TDATE=$(date --date='-1 days ago' "+%m.%d.%y")
DATE=$(date "+%m.%d.%y")


killDump ()
{
    kill $dumpPid
}


zipPcap ()
{
    gzip -c $1 > $1.gz && rm $1
}


    while true; do
        until [[ "$DATE" == "$TDATE" ]]; do
            sleep 1800
        done
        killDump
        zipPcap $PCAPFILE &
        PCAPFILE=/tmp/mgmt.$(date "+%H.%M.%S.%m.%d").pcap
        tcpdump -i eth0 -nn -vv -s 1500 net 192.168.5 -w $PCAPFILE   2>&1 & 
        dumpPid=$!
        TDATE=$(date --date='-1 days ago' "+%m.%d.%y")
        DATE=$(date "+%m.%d.%y")
    done

I've tested this on a small scale on my personal laptop, but I've made a minor change as highlighted above that I want to make sure shouldn't cause any problems.

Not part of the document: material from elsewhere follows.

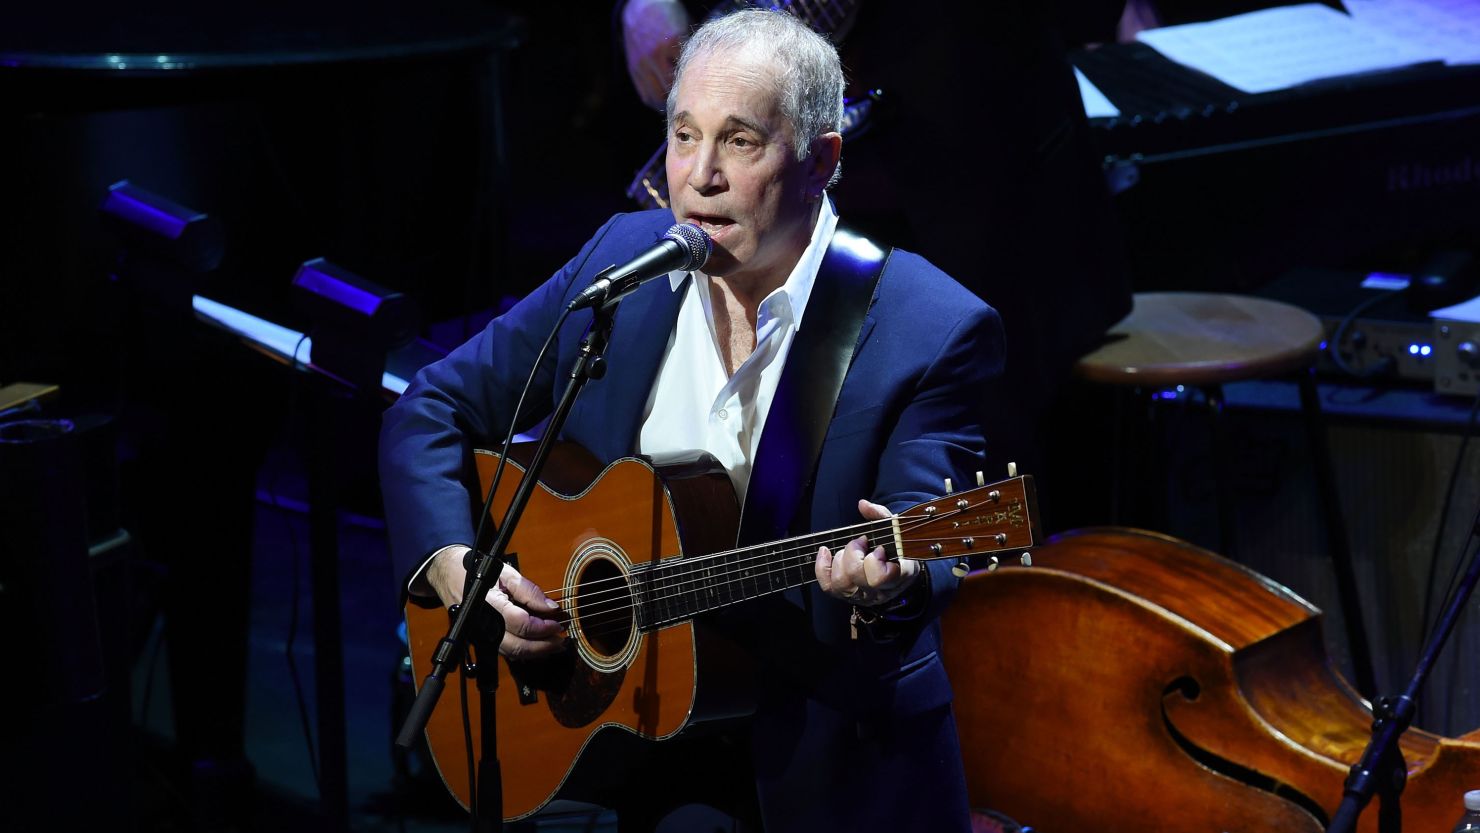 Paul Simon performs onstage during The Nearness Of You Benefit Concert at Frederick P. Rose Hall, Jazz at Lincoln Center on January 20, 2015 in New York City.

Since by the end of the day the pcap is probably going to be rather large, I don't want the script to have to wait for the old one to finish zipping before it starts the next capture, so is running the zipPcap function in the background like that an acceptable way of kicking off the compression, and having the rest of the script move forwards?

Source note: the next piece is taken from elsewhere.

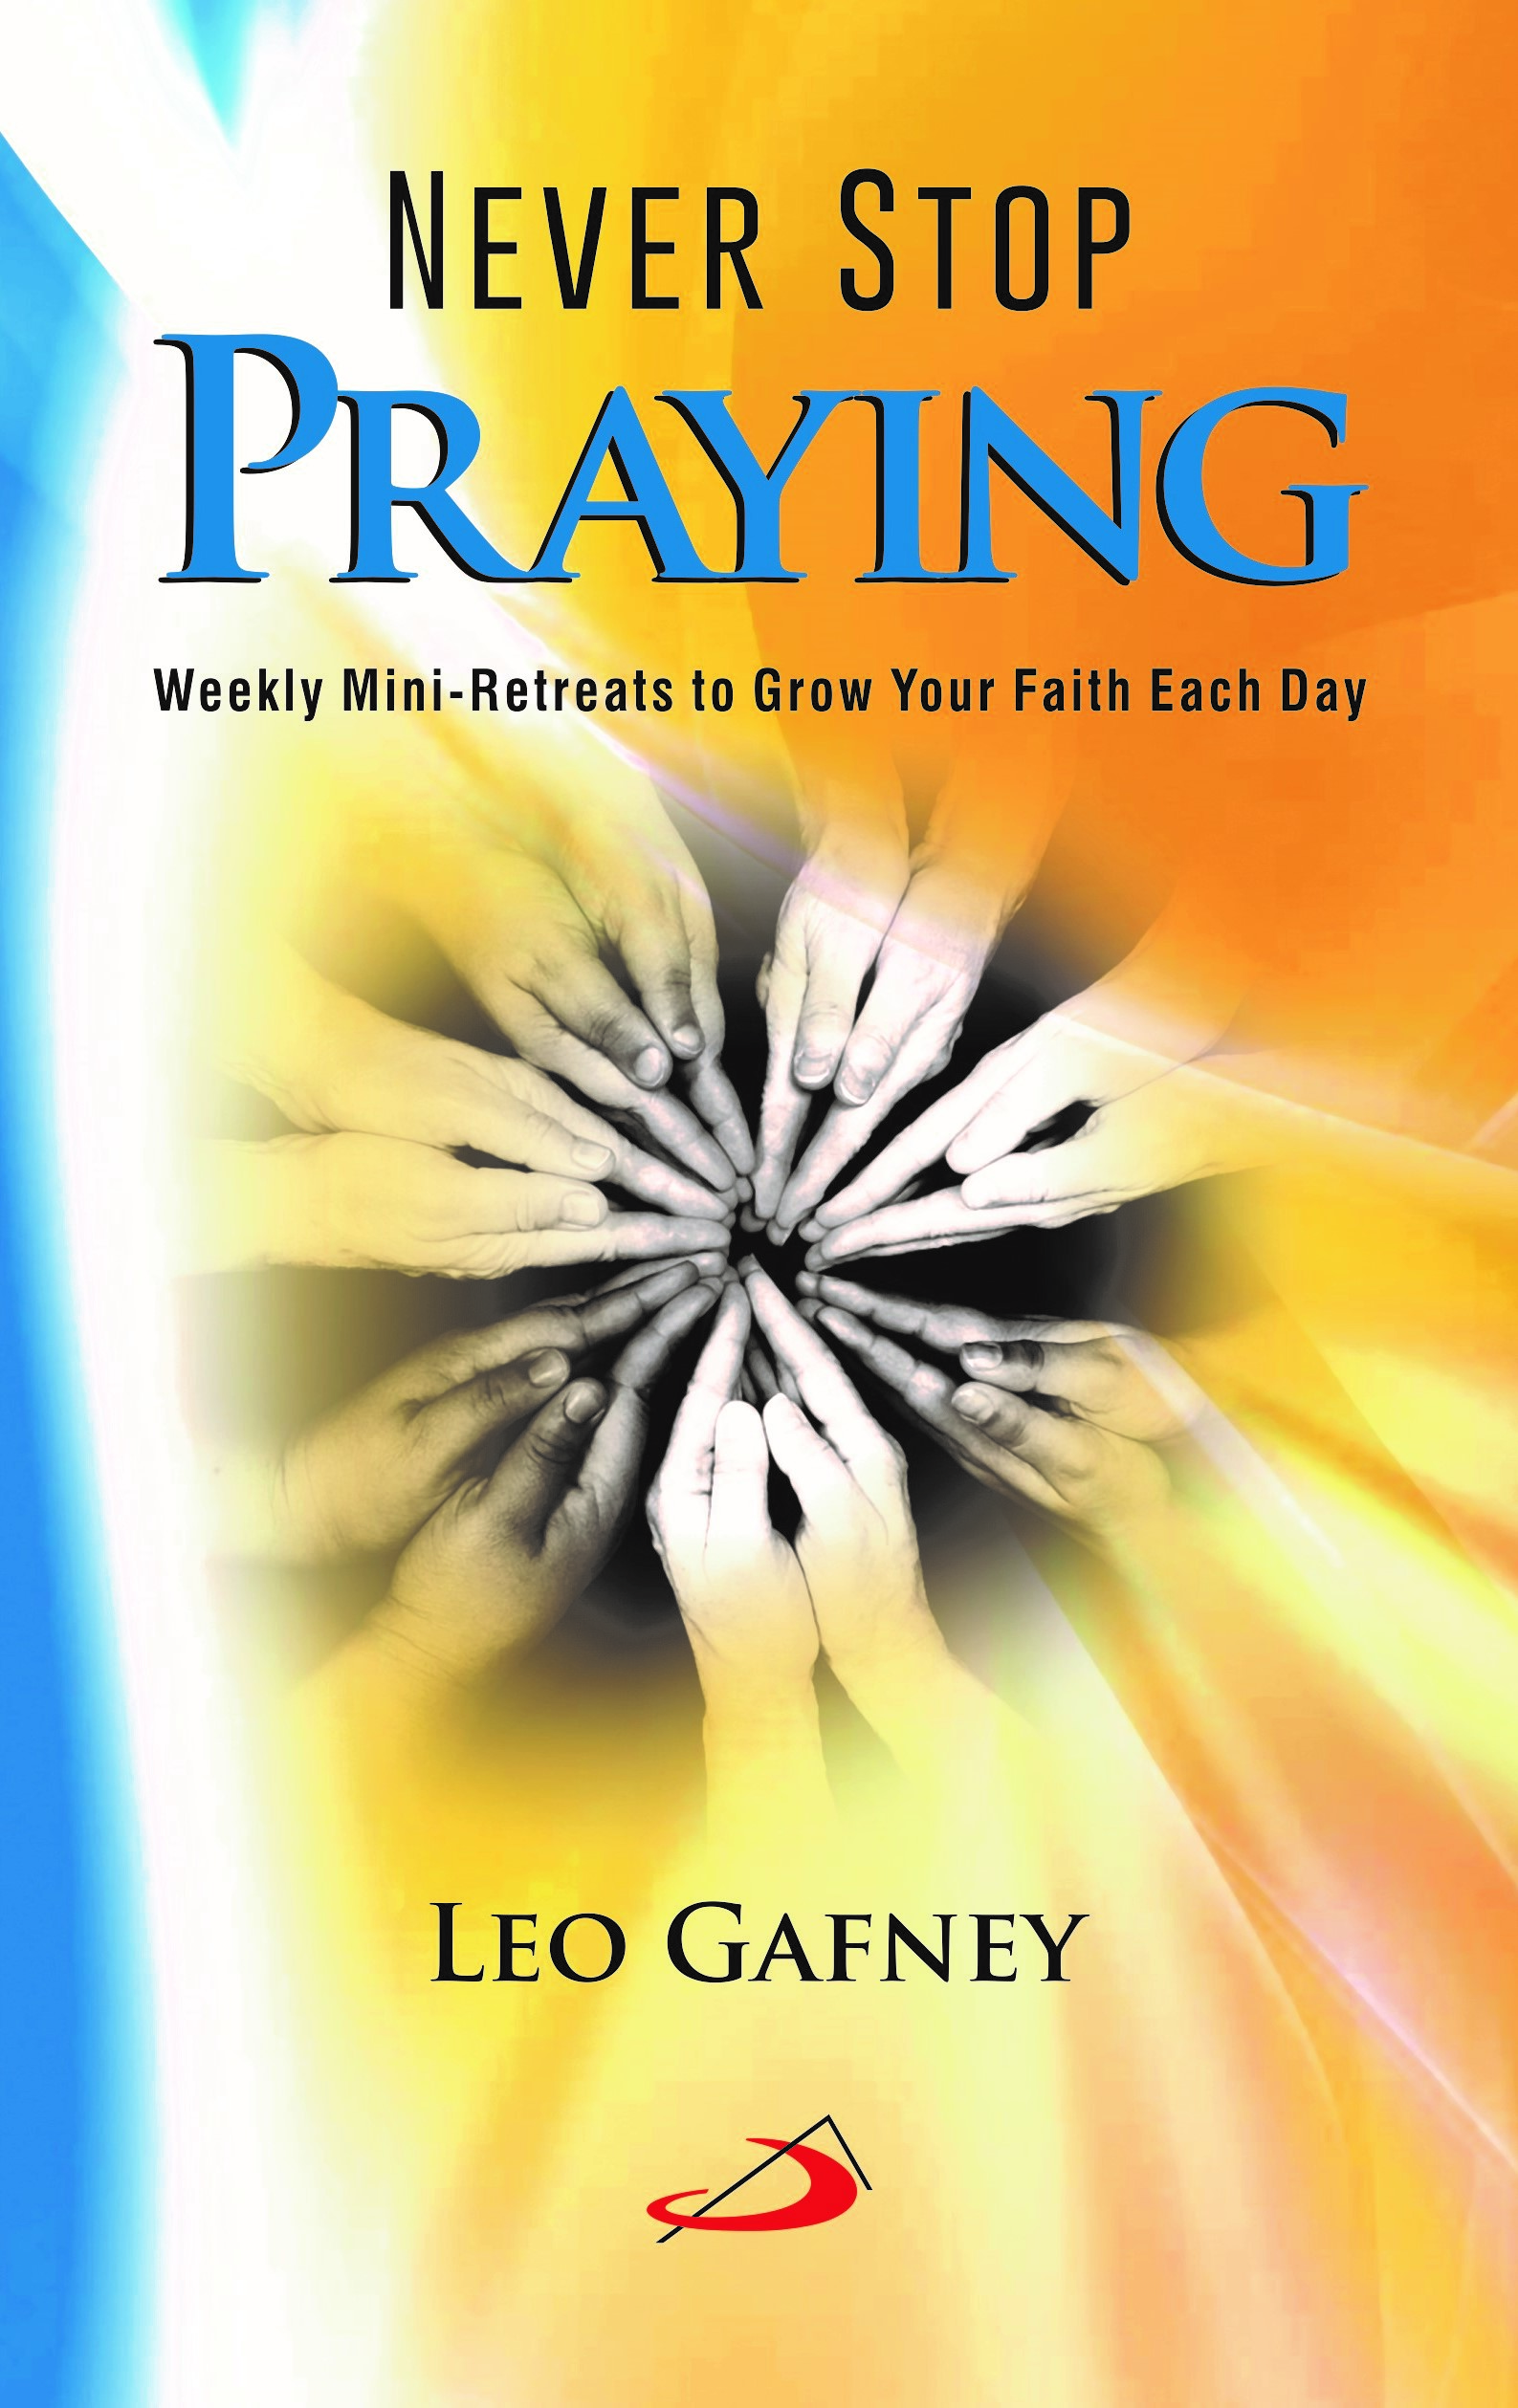 Never Stop Praying: Weekly Mini Retreats to Grow in Your Faith Each Day

I'm pretty confident this should be fine, but as I'm working without a lab to test on right now, I wanted to get a second set of eyes.

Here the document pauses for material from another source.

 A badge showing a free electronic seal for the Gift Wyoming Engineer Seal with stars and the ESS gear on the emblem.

How many CPU cores does the system have? On a one-core system there's no advantage to running multiple gzips in parallel, since each will be running half as fast. On a four-core you could run four. etc. There's also the question of disk speed -- your disk can probalby keep up with 1 running gzip easily, but how about 4, or 8? And having four different large files being written to disk simultaneously is a recipe for bad fragmentation. There's also the question of memory use, potentially unlimited if you have a huge number of files.

The point? Don't go too nuts. A few may help, dozens probably won't. You may also want to create the file in temp space then move it once complete, to avoid too much fragmentation on the main filesystem.

You'll want a way to limit the number of processes created, create n processes for n cores then start waiting for individual processes before creating another.

I'd also note you might want a way to check whether a background compression succeeded or failed. Again, you can tell this by wait-ing for a specific background PID.

I think this bit will loop forever. Neither variable changes within the loop.

Also. Why not have pcap pipe its output through gzip in the first place, instead of afterwards in one big batch?

I'm not sure what you mean, there are two loops, the while true loop and the until loop.

All the until loop does is every 30 minutes check if the dates match or not. Once they do, it does all the work in the while loop which includes updating the dates:

while true; do  
        until [[ "$DATE" == "$TDATE" ]]; do
            sleep 1800
        done
        killDump
        zipPcap $PCAPFILE &
        PCAPFILE=/tmp/mgmt.$(date "+%H.%M.%S.%m.%d").pcap
        tcpdump -i eth0 -nn -vv -s 1500 net 192.168.5 -w $PCAPFILE   2>&1 & 
        dumpPid=$!
        TDATE=$(date --date='-1 days ago' "+%m.%d.%y")
        DATE=$(date "+%m.%d.%y")
    done

Every time the red part completes, it does the blue part which includes updating the variables that red relies on.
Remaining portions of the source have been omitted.